Sci-Fi novel from Nettleham author
Jonathan Frost’s ideas for his novel Dreams of Eden first started to form when he was a child, taking root as a teenager and finally coming to fruition when he retired in 2021.
The Nettleham author first became interested in storytelling as a six-year-old engrossed in Children’s Hour on the BBC Home Service.
“Almost ten years later, I am sitting in the school chapel, bored, staring absently at the stained-glass windows, only half listening to a Lenten sermon being delivered by a visiting priest.
“Suddenly, I hear the words: exorcism, temptation, works of the devil. That woke me up. The priest was talking animatedly about the dangers of Ouija boards, how young minds can be corrupted, that demons are real. Oh yeah, bring it on. My, some might say unhealthy, fascination for seances and communing with the dead, became firmly planted in my subconscious. What I didn’t know at the time and a question perhaps I should have asked, where would this lead?
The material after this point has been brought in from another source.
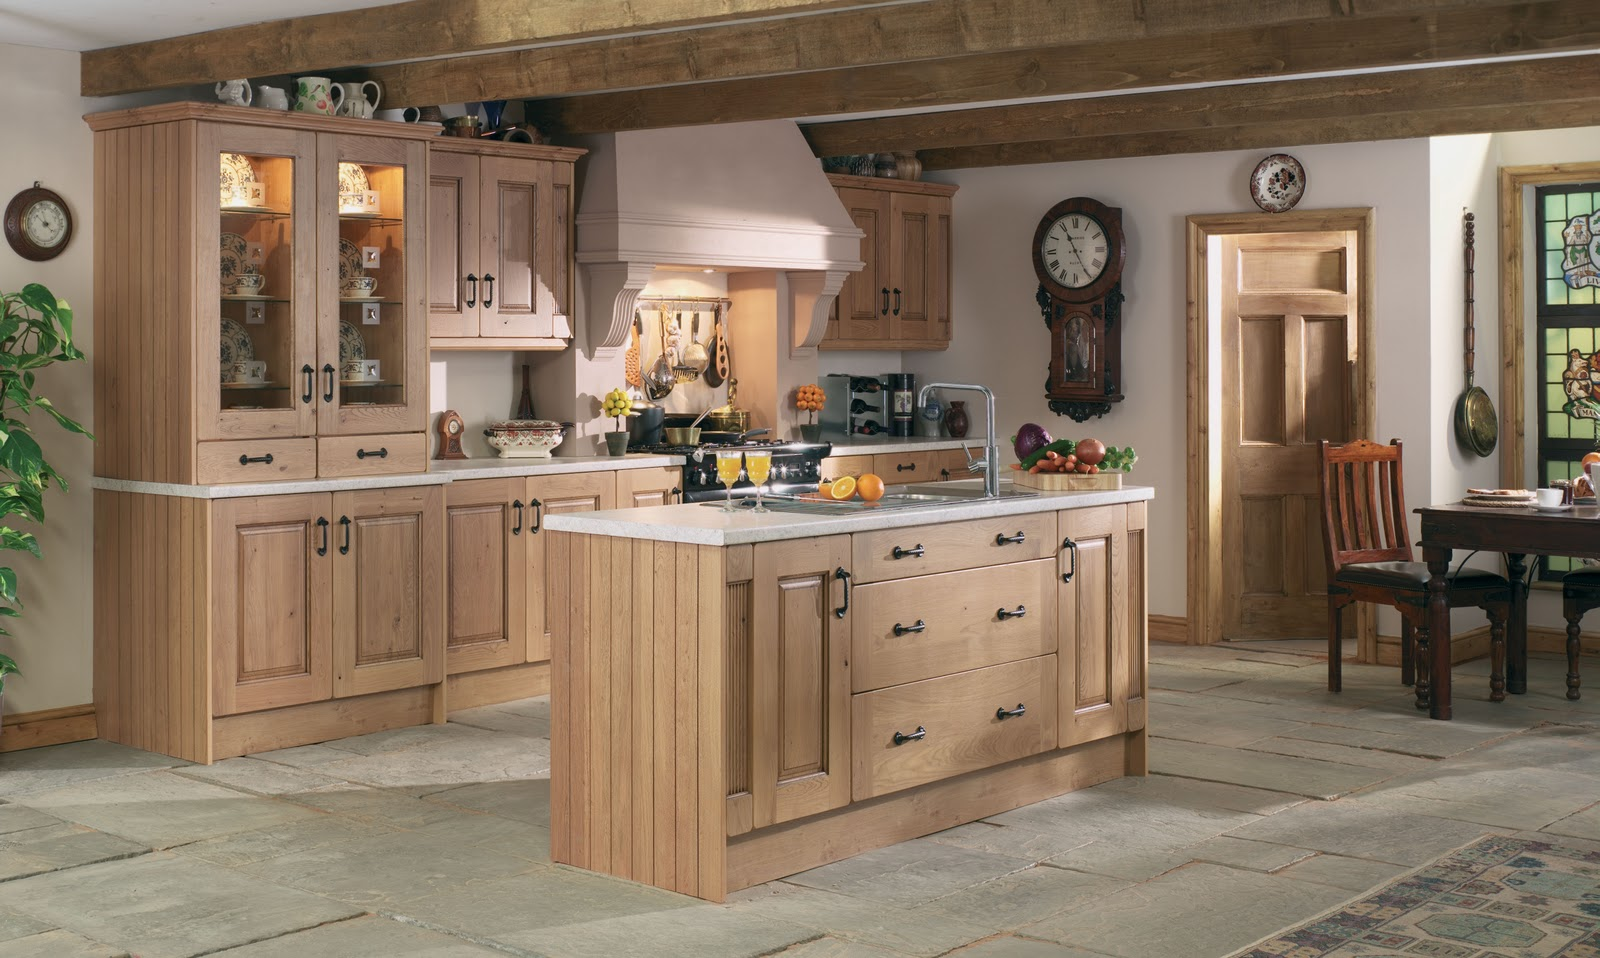 Magnificent Traditional Kitchen Design Ideas 1600 x 958 · 270 kB · jpeg

“Now I know - Dreams of Eden.”
After varied careers in archaeology, research, scriptwriting and journalism Jonathan moved to Lincoln in with his wife 2006 and worked as a lecturer in English, film theory and production at Lincoln College and Lincoln University. When Covid struck he was forced to retire as he was made redundant. He was then diagnosed with bowel cancer.
“I thought hell, don’t drop the ball now. While I was recuperating after successful surgery, I was wondering what I was going to do with my brain. Then I had a thought, that idea I had for that story almost fifty years ago. It was still there, locked away in a dusty, forgotten room in my subconscious, waiting. Two years later it became Dreams of Eden.”
A quick synopsis has Elizabeth Fallon and Isaac Goldman meeting by chance in 1970s London. Elizabeth, a Tarot reader, believes she can speak to the dead. Isaac, a rootless dreamer, has written a book.
Beguiled by Elizabeth he asks for her help with questions only the dead can answer. Azazel, a Watch from an alien race called the Nephilim, reveals itself during a terrifying séance, telling Issac his book is a prophecy. Their lives change forever.
The book was published on January 28 and is now available from Lindum Books, Lark Books and Waterstones. Jonathan will be holding a launch and signing event at the Nettleham Hub on Friday, February 28 from 2-4pm.